AIG’s diversity and international holdings generally help to insulate it from poor conditions in isolated markets. It posted net revenues of $110 billion and profits of $6.2 billion in 2007. However, weak corporate oversight has recently become an issue for AIG, and media focus on former CEO Maurice Greenberg's alleged funneling of several hundred million dollars to his private corporation while CEO has hurt AIG's public image.

Though AIG's large size and diversity, both geographic and in terms of the services it offers, has helped to protect it from poor conditions in any one market, the recent downturn in the U.S. housing market and fallout from the collapse of the subprime mortgage industry has nonetheless pressured its earnings. Particularly in the company's Capital Markets division, the credit crunch has taken a bite out of the bottom line; in 2007, the firm reported write-offs of $11 billion on one of its investment holdings. AIG expects the pressure from the housing and credit markets to continue, stating on February 29, 2008, that it would not buy back any additional shares for the foreseeable future.[1] The nearly $20 billion that AIG has written down from losses on credit derivatives has also led the SEC and Justice Department to investigate the possible overstating of the value of these CDS positions during the process of the revaluations.[2]

Contents

[edit] History and Business Overview

Founded as the American Asiatic Underwriters insurance agency in 1919 in Shanghai, China by philanthropist Cornelius Vander Starr, AIG rapidly expanded to the rest of the world. Originally specializing in marine and fire insurance, the company soon spread into other markets. In 1962, AIG’s U.S. focus shifted from personal insurance to high-margin corporate coverage, with insurance being sold through independent brokers to avoid paying salaries to agents who sold little to no insurance. The company went public in 1969, and is based out of New York, New York. AIG is best known for its business model, which strives to generate an underwriting profit. Underwriting profit occurs when the amount of premiums taken is greater than the claims paid out before considering investment returns, though naturally this is difficult for most insurance companies to achieve. AIG has cultivated a strong relationship with China, having been issued the first foreign insurance license in 40 years in 1992.

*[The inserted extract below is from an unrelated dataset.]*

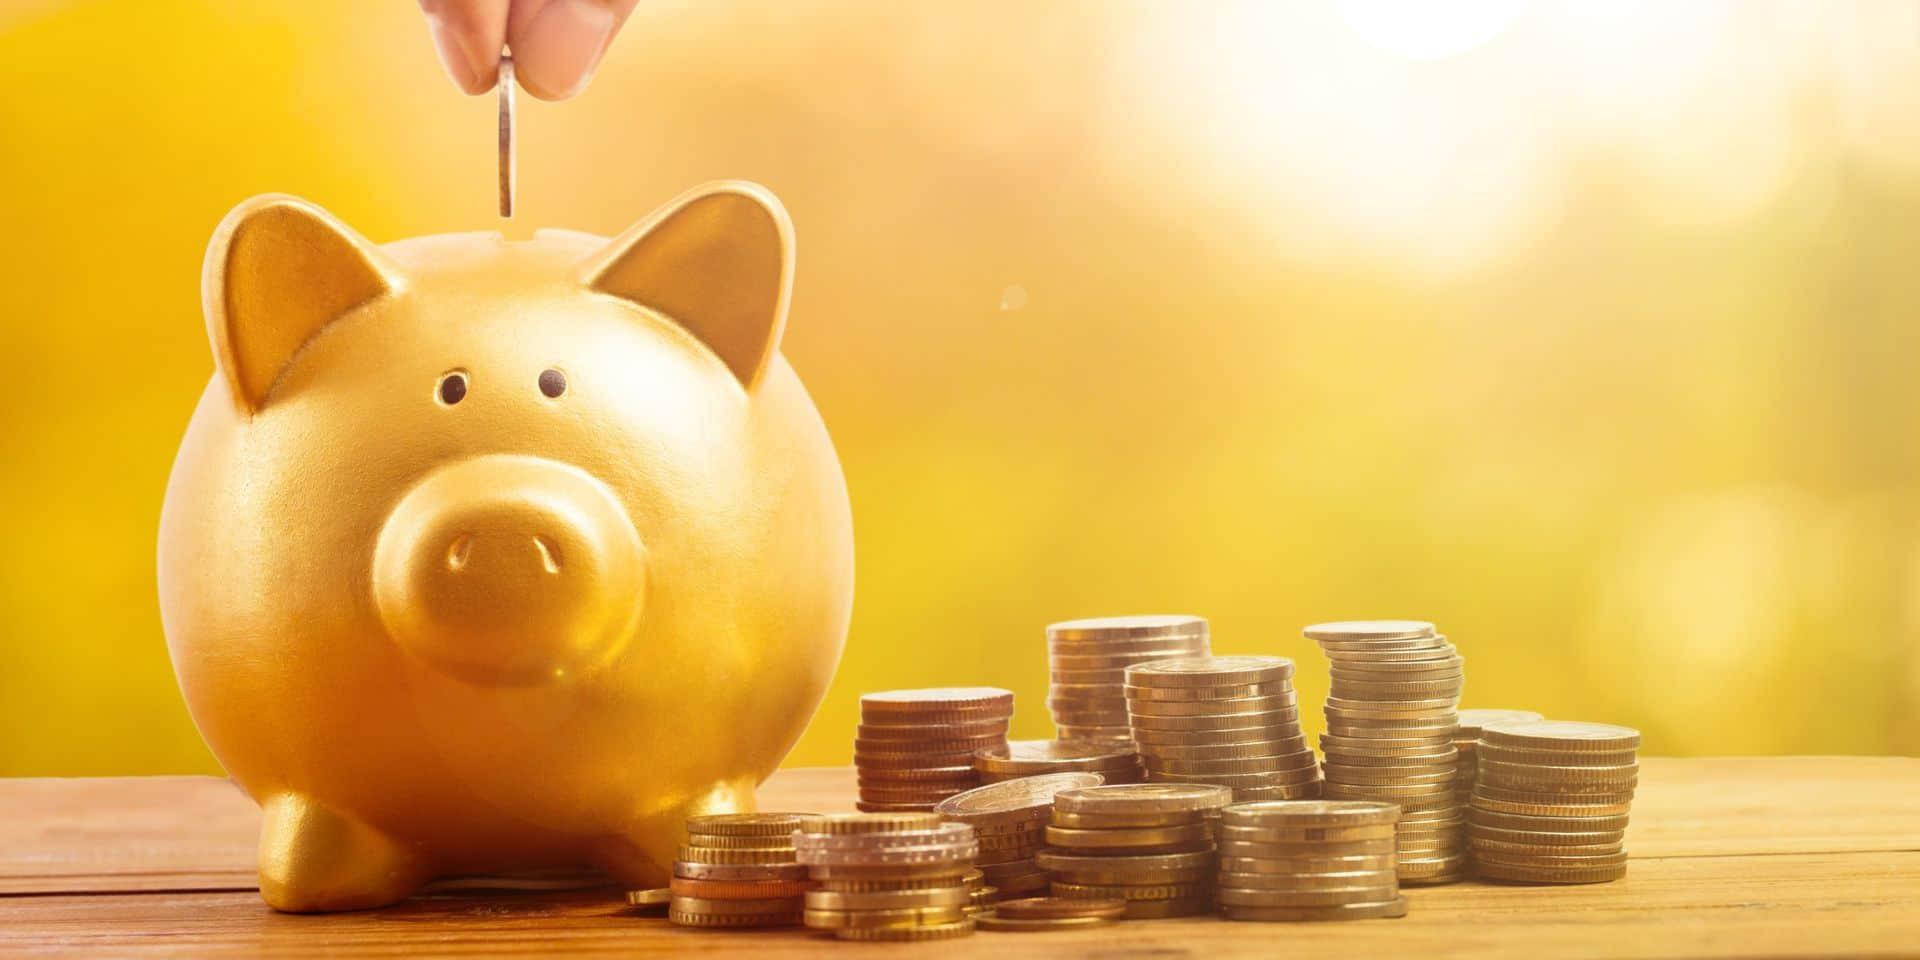 Les comptes épargne atteignent un nouveau record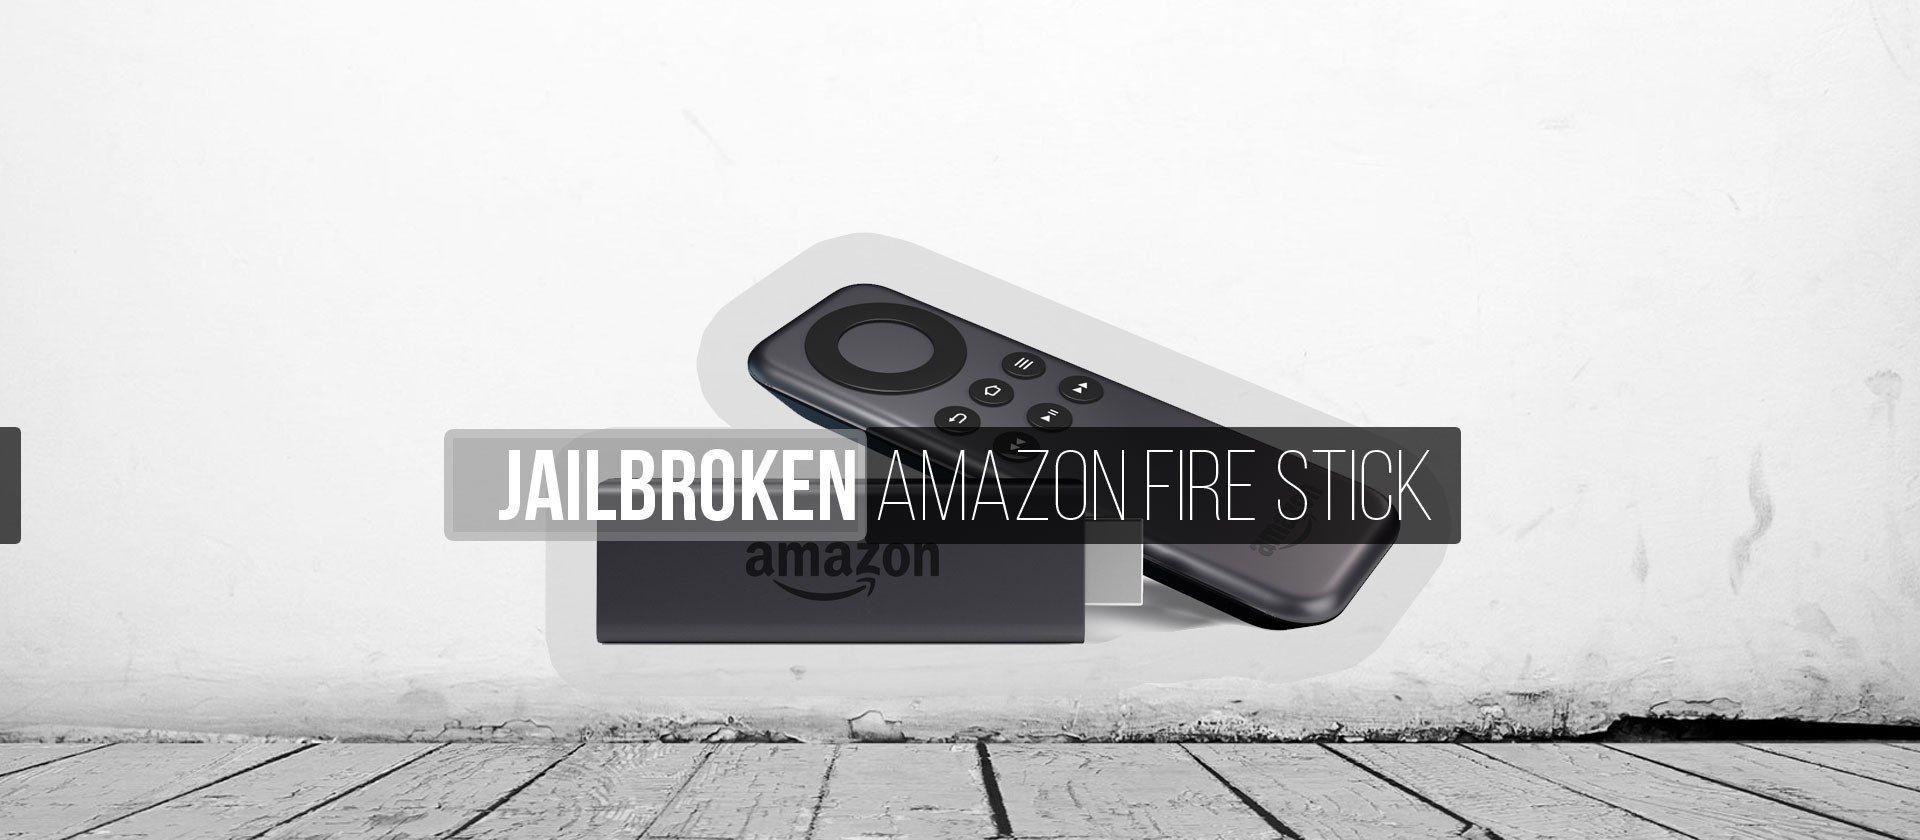 FirestickAmazon amazon fire stick jailbreak

Annual income data, in millions 2003 2004 2005 2006 2007
Net Revenue $79,421 $97,666 $108,905 $113,194$110,064
Operating Expenses $67,514 $82,821 $93,692 $91,507 $101,121
Operating Income $11,907 $14,845 $15,213 $21,687 $8,943
Net Income $8,108 $9,839 $10,477 $14,048 $6,200


[edit] General Insurance

Note: Financial Services earned negative revenue for the year
Note: Financial Services earned negative revenue for the year

Primary business units of general insurance include:

  • American Home Assurance Company (American Home)
  • National Union Fire Insurance Company (National Union)
  • Hartford Steam Boiler Inspection and Insurance (HSB)
  • American International Underwriters Overseas, Ltd. (AIUO)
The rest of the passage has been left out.